Composed Image Retrieval using Contrastive Learning and Task-oriented CLIP-based Features

Alberto Baldrati,Marco Bertini,Tiberio Uricchio,Alberto del Bimbo
2023-08-22
Abstract:Given a query composed of a reference image and a relative caption, the Composed Image Retrieval goal is to retrieve images visually similar to the reference one that integrates the modifications expressed by the caption. Given that recent research has demonstrated the efficacy of large-scale vision and language pre-trained (VLP) models in various tasks, we rely on features from the OpenAI CLIP model to tackle the considered task. We initially perform a task-oriented fine-tuning of both CLIP encoders using the element-wise sum of visual and textual features. Then, in the second stage, we train a Combiner network that learns to combine the image-text features integrating the bimodal information and providing combined features used to perform the retrieval. We use contrastive learning in both stages of training. Starting from the bare CLIP features as a baseline, experimental results show that the task-oriented fine-tuning and the carefully crafted Combiner network are highly effective and outperform more complex state-of-the-art approaches on FashionIQ and CIRR, two popular and challenging datasets for composed image retrieval. Code and pre-trained models are available at <a class="link-external link-https" href="https://github.com/ABaldrati/CLIP4Cir" rel="external noopener nofollow">this https URL</a>
Computer Vision and Pattern Recognition
What problem does this paper attempt to address?

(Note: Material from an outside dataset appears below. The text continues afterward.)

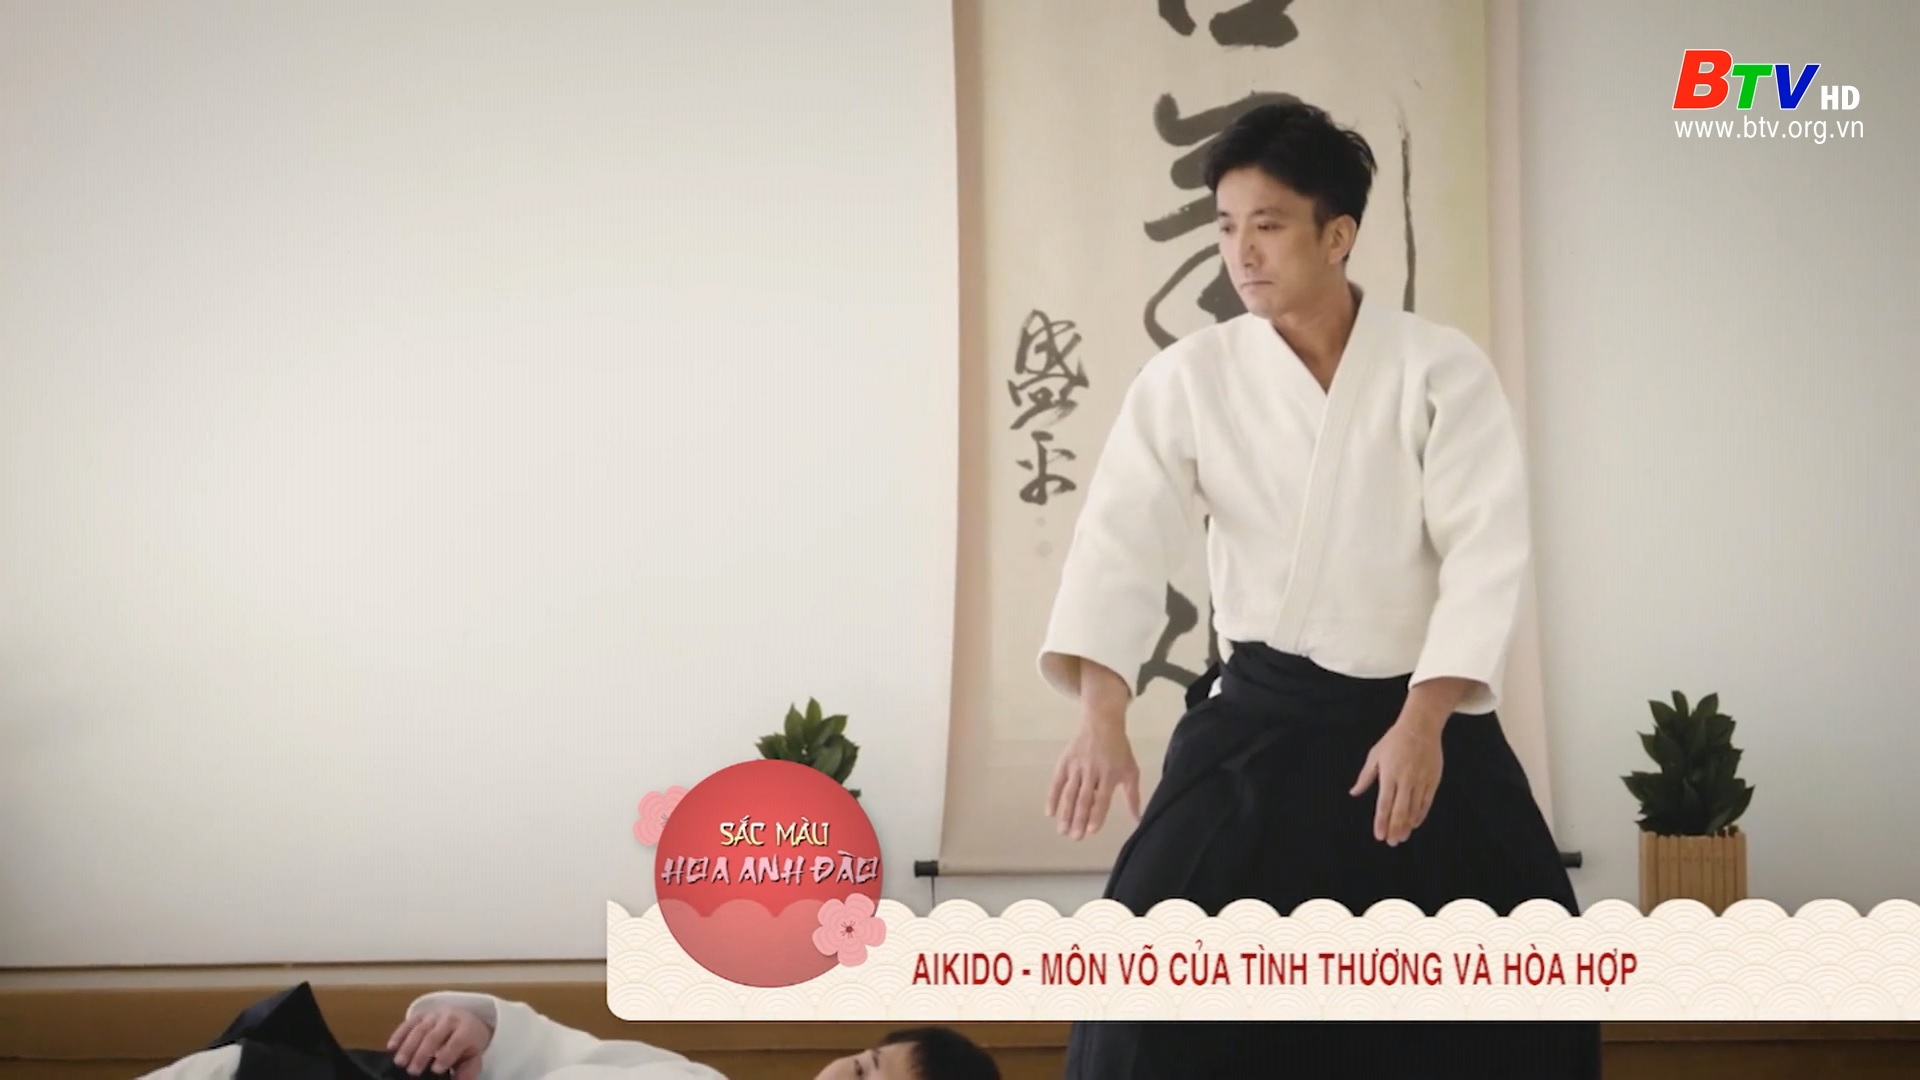 Aikido – Môn võ của tình thương và hòa hợp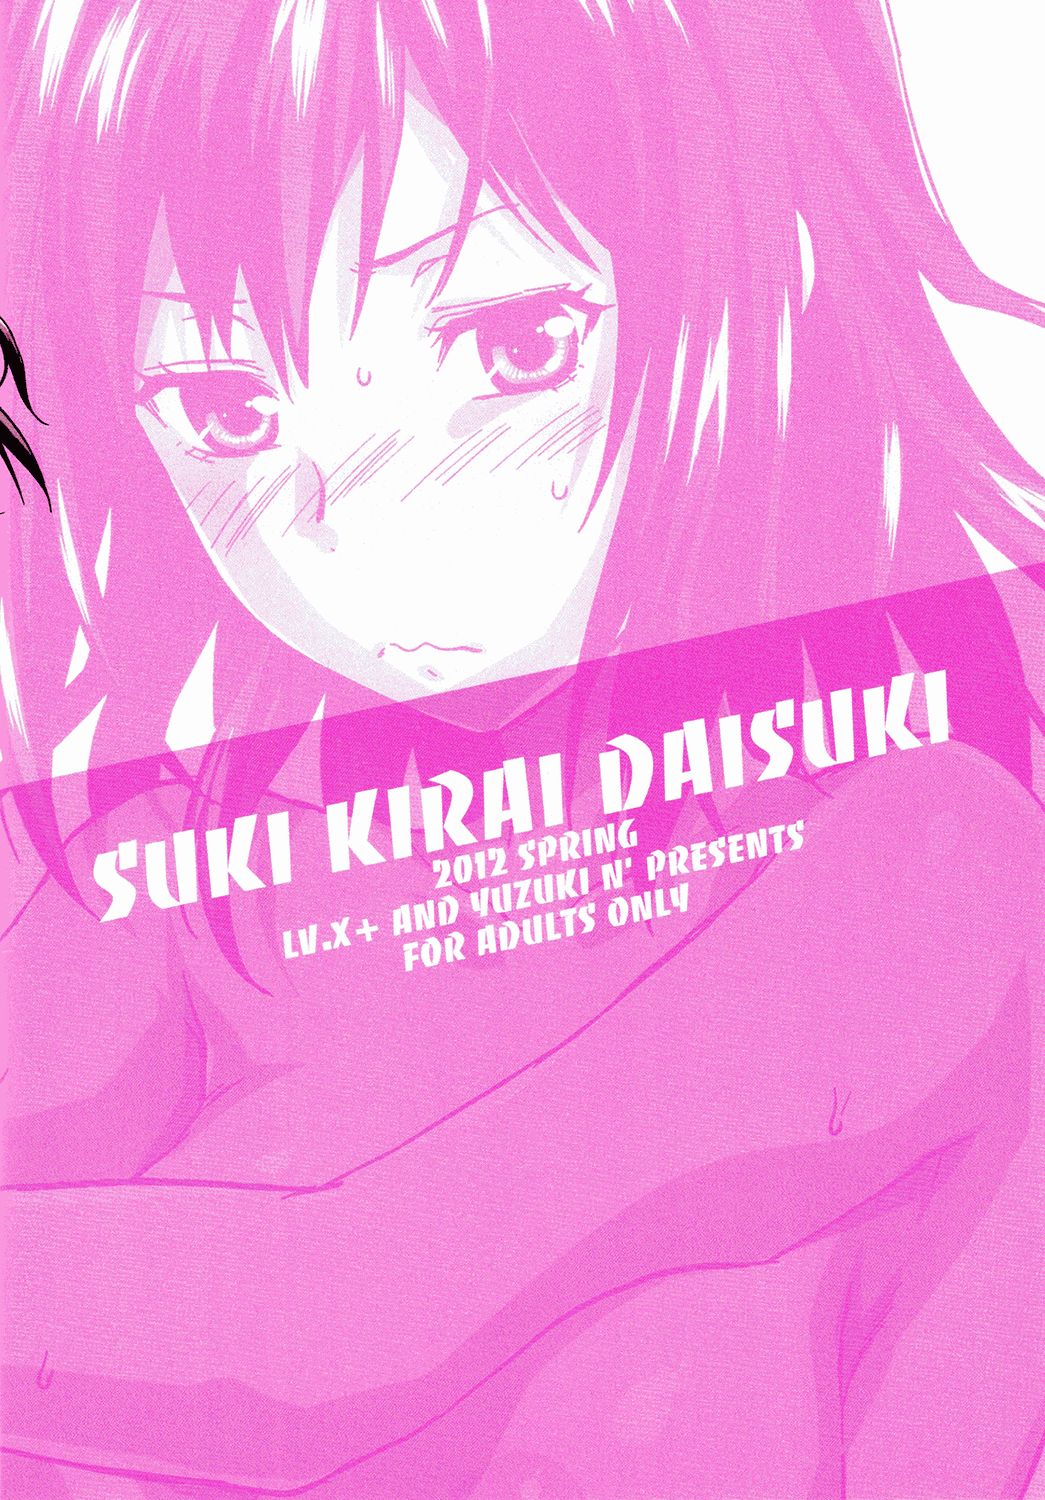 (COMIC1☆6)[Lv.X+ (Yuzuki N Dash)] Suki • Kirai • Daisuki Bangaihen (COMIC1☆6)[Lv.X+ (柚木N')]スキ・キライ・ダイスキ。番外編

The problem that this paper attempts to solve is how to retrieve images that are visually similar to the reference image and meet the modification requirements in the description when given a query containing a reference image and a relative description. Specifically, the authors propose a method that combines contrastive learning and task - oriented CLIP features to achieve this goal. The following are the main contributions of the paper: 1. **Propose a new task - oriented fine - tuning scheme**: Through this scheme, large - scale pre - trained vision - language models can be adapted to the combined image retrieval task, aiming to reduce the mismatch between large - scale pre - training and downstream tasks. 2. **Propose a two - stage method**: The first stage is to perform task - oriented fine - tuning on the CLIP encoder to improve the additive property of the embedding space; the second stage is to train a combiner network from scratch starting from the task - oriented features, which can perform fine - grained fusion of image - text features. 3. **Solve the problem of handling aspect - ratio images**: Since the CLIP visual encoder can only input square pictures, the authors propose a new pre - processing pipeline, which helps to reduce the loss of content information in the image retrieval task. 4. **Conduct multiple qualitative experiments**: These experiments aim to show how the proposed method affects the feature distribution in the embedding space and the influence of pairwise feature distances on retrieval performance, and use the gradCAM technique to visualize the most significant image parts during the retrieval process. The paper proves through experiments on two standard and challenging datasets, FashionIQ and CIRR, that the proposed two - stage method achieves state - of - the - art results. This shows that through task - oriented fine - tuning and a carefully designed combiner network, large - scale pre - trained vision - language models can be effectively utilized to solve the combined image retrieval problem.